# Dhcpcd timeout on e100 after kernel upgrade [SOLVED]

## niffs

Well, I've had this problem for a while now, but have been suppressing it by using an old (2.6.12) kernel... but it's starting to bother me now.

After corrupting my hard drive and buying a new one, I reinstalled gentoo from scratch. I had been using a fairly old kernel on the previous hard drive, and when I reinstalled I grabbed the newest version. Networking worked fine off of the livecd (2007.0 amd64 minimal install cd), but when I installed a kernel to the hard drive (I used the mm-sources variant, but I've tried gentoo-sources and vanilla-sources to no avail) networking consistantly timed out.

My ethernet card is a "Intel Corporation 82557/8/9 [Ethernet Pro 100] (rev 05)" according to lspci, and it's worked fine with the e100 driver up until this upgrade. When I attempt to run dhcpcd, I get a message in my dmesg to the effect: "e100: e100_watchdog: link up, 100Mbps, full-duplex", but I don't recieve a connection. Ifconfig states that, after running dhcpcd, I have no transmitted or recieved packets on the eth0 interface. I can manually set the address, but it does me no good. When I try to ping my router (192.168.1.1), I recieve the ever-so-ominous "Destination Host Unreachable" messages.

Now, I know it's not a problem with my network. I have a laptop and another desktop, both running gentoo with modern kernels, sitting next to the problematic system, and they both connect via dhcpcd perfectly. I've googled all over the place for this problem, and I honestly have no idea what could be causing it.

All help is appreciated, and many thanks in advance!

----------

## vaxbrat

I have an old Compaq blade (Pentium III Coppermine) running two NICs with this driver on a 2.6.21 hardened kernel without any problems.  Granted, this is 32 bit vs 64 for you and I'm running static addresses instead of dhcpd.

Are you building into the kernel or doing modules.  Is the module loading so you can do an ifconfig.  What is in your logs?

----------

## niffs

I get the feeling it might be a 64-bit problem of some kind, judging that I couldn't find any solid information elsewhere on it.

I've tried both building it in and as a module. The driver seems to register fine with the card during bootup, and the interface shows up as it should via ifconfig. When I run dhcpcd on it, the interface comes up, but it does not receive an IP and the TX / RX packets remain at zero... I've booted up with a 2.6.12 kernel as a backup for need of an internet connection, but if you need more specifics I can reboot into the 2.6.22 version... hope that helps.

----------

## vaxbrat

Can you get it working with another box and static addresses?

Also which driver variant did you use, the original Becker (which loads as eepro100) or the official Intel Pro/100+ (which loads as e100)?
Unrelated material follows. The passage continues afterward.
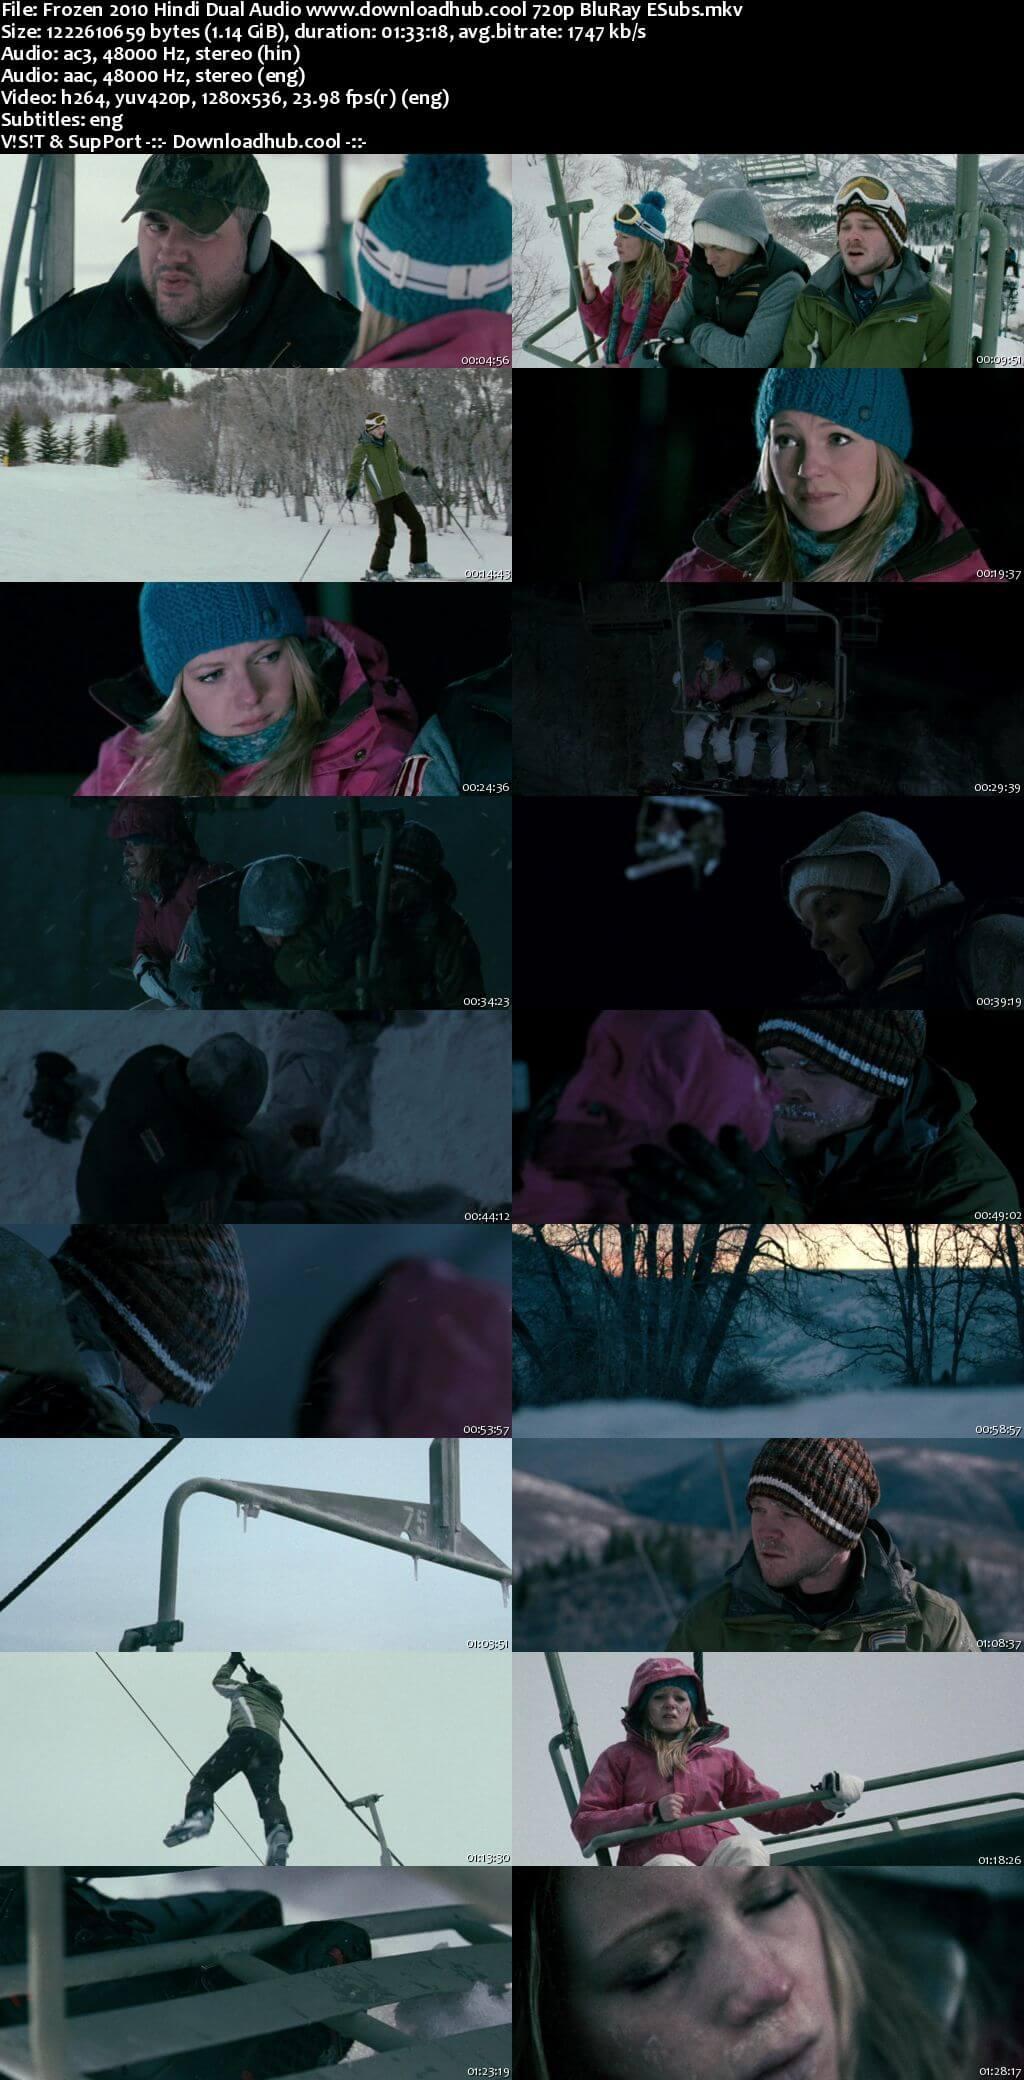 Frozen 2010 Hindi Dual Audio 720p BluRay ESubs

Looks like when I did kernel 21 I built both modules and let em fight it out with udev.  Funny enough, it looks like they both loaded so I'm not sure which one is being used.  Maybe they decided to take a NIC each   :Razz: 

----------

## niffs

I'm using e100, but I tried eepro100 just as an assurance. With the older kernel I'm using e100 as well, but it works perfectly fine. The box next to the broken one is running a 2.6.22 mm series kernel perfectly fine, but it has a via rhine-II card. I'll try building the e100 and eepro100 modules on that and plugging the card in, just to see what happens. I'll post results in a bit. Thanks a lot for the help, by the way  :Very Happy: 

----------

## niffs

Well, I was able to use the card on the 32-bit box sitting next to the problematic 64-bit system with the e100 driver. No problems there. I did, however, find a via rhine-III pci card sitting around in the 32-bit box that wasn't fully plugged in (hence not registering on lspci), and decided to try and give it a spin on the 64-bit system. However, I ran into the same problem with the rhine-III that I did with the EtherPro (dhcpcd timeout, even after the module loads perfectly and ifconfig claims the card exists), so I'm starting to wonder if it's a problem with some network setting in the kernel other than the e100 driver...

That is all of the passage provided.